**DATA EXCERPT**
----

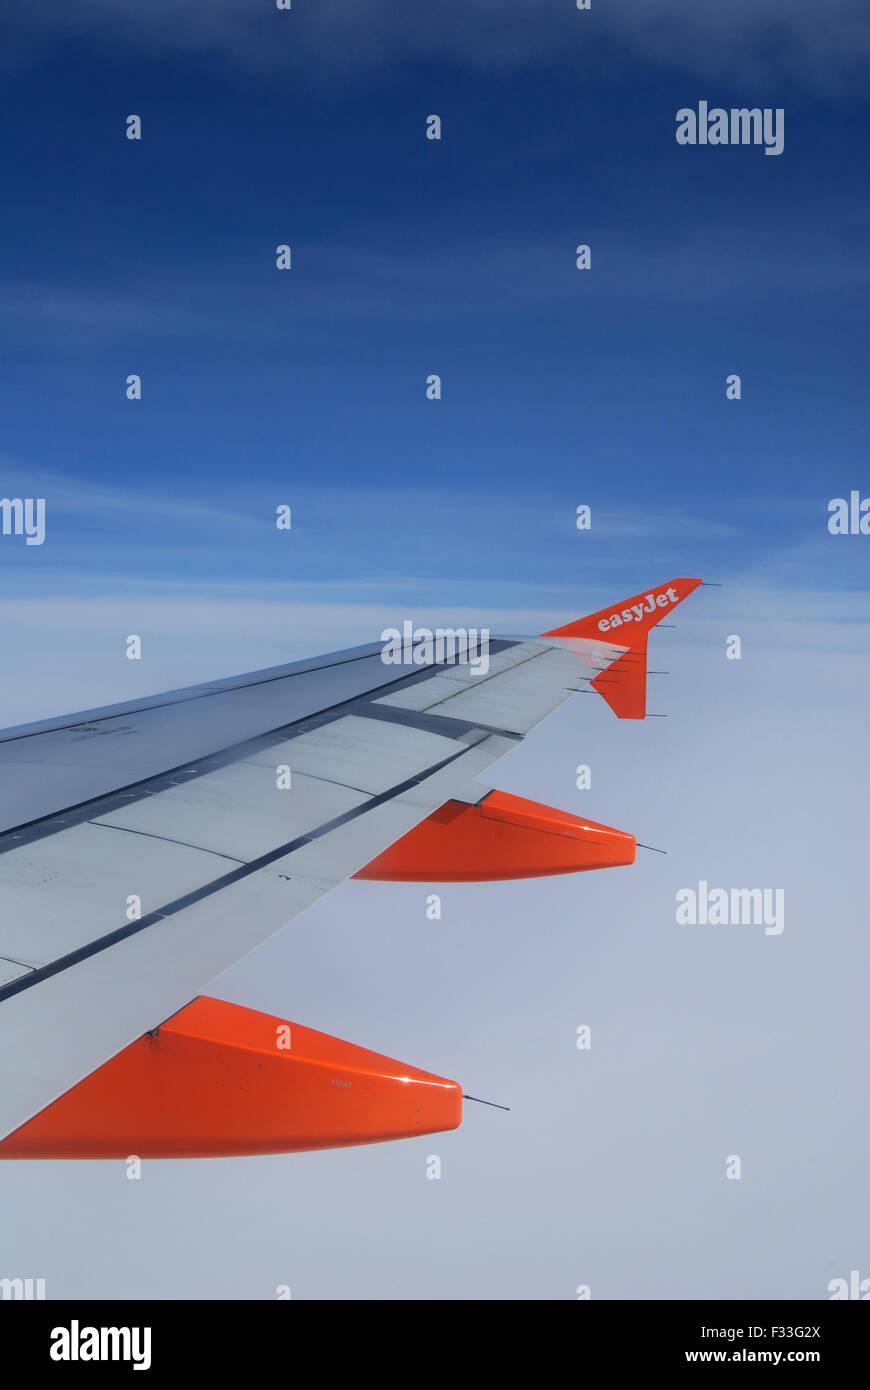 EasyJet Airbus plane in flight - Stock Image
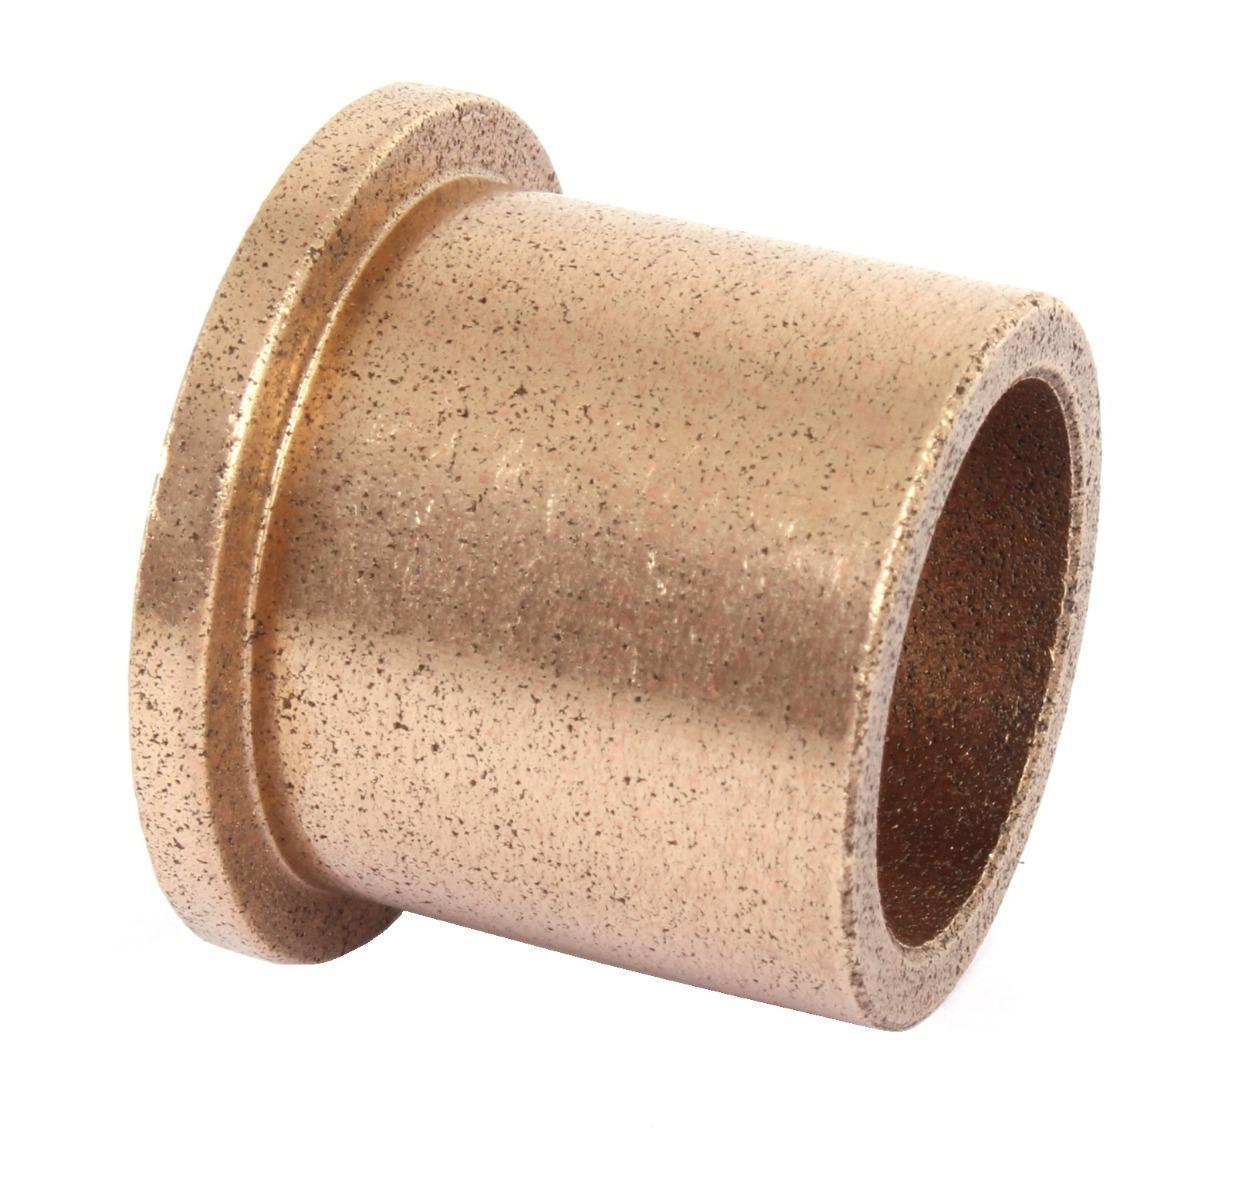 Oilite Bronze Bush Flanged 10mm bore x 13mm OD x 20mm long 17 x 2.5 flange
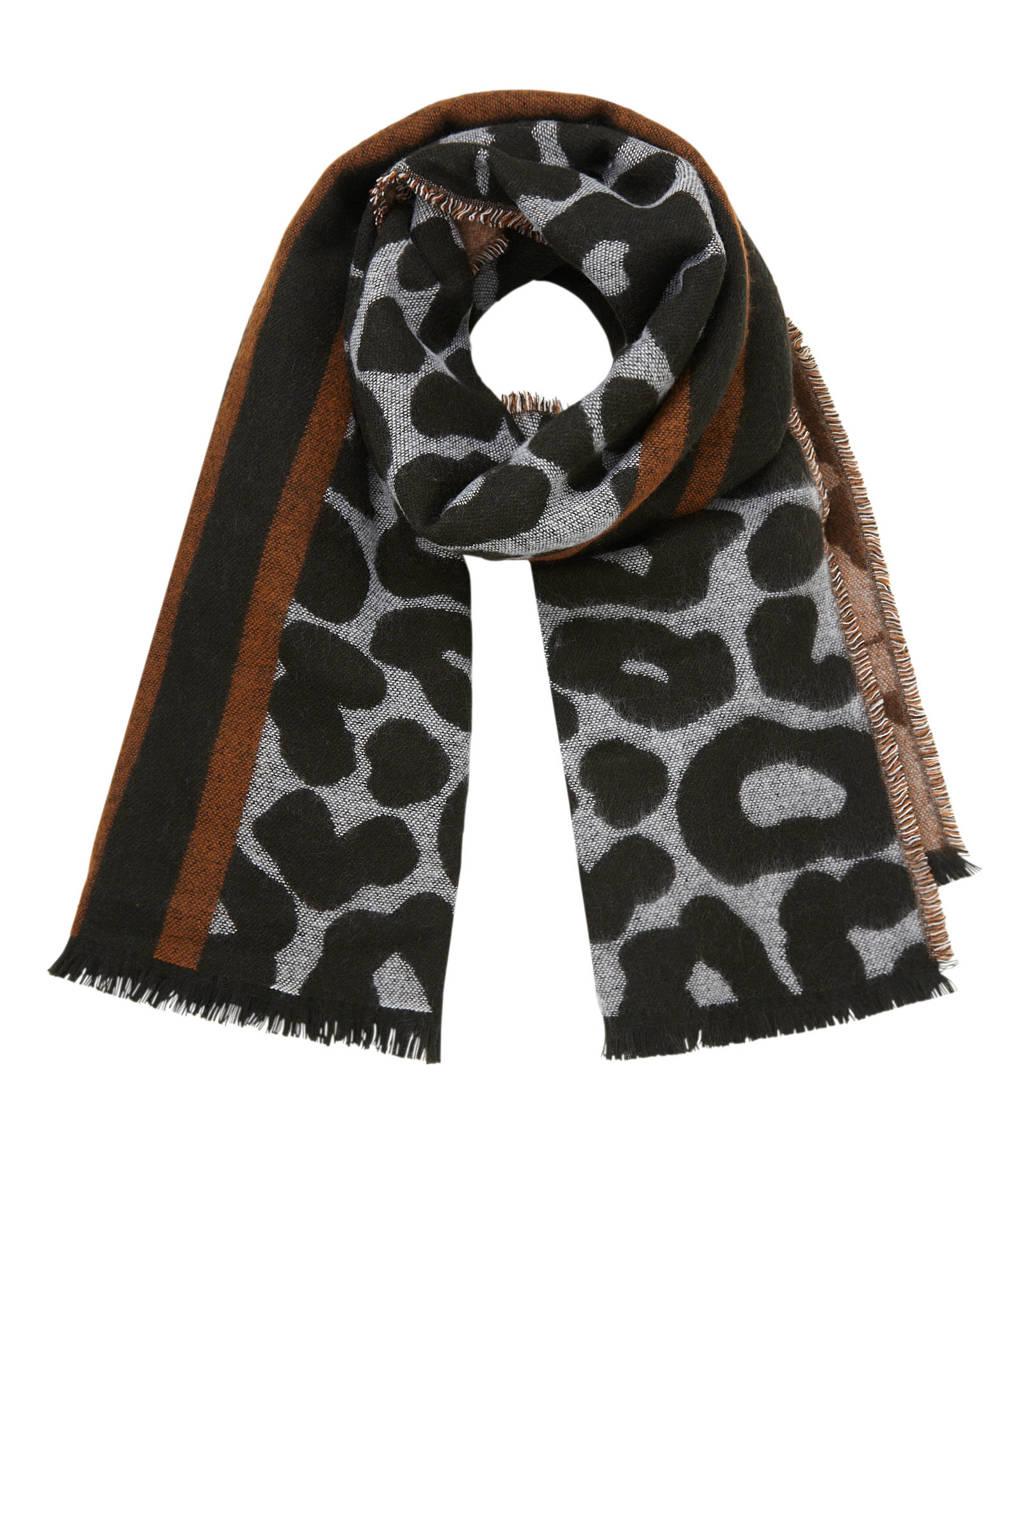 enorme verkoop voorbeeld van San Francisco sjaal met luipaardprint

----

**WORK TO BE COMPLETED**
Before you return the listing exactly, strip out its pictures.

**ANSWER SPACE**
 EasyJet Airbus plane in flight - Stock Image
 Oilite Bronze Bush Flanged 10mm bore x 13mm OD x 20mm long 17 x 2.5 flange
 enorme verkoop voorbeeld van San Francisco sjaal met luipaardprint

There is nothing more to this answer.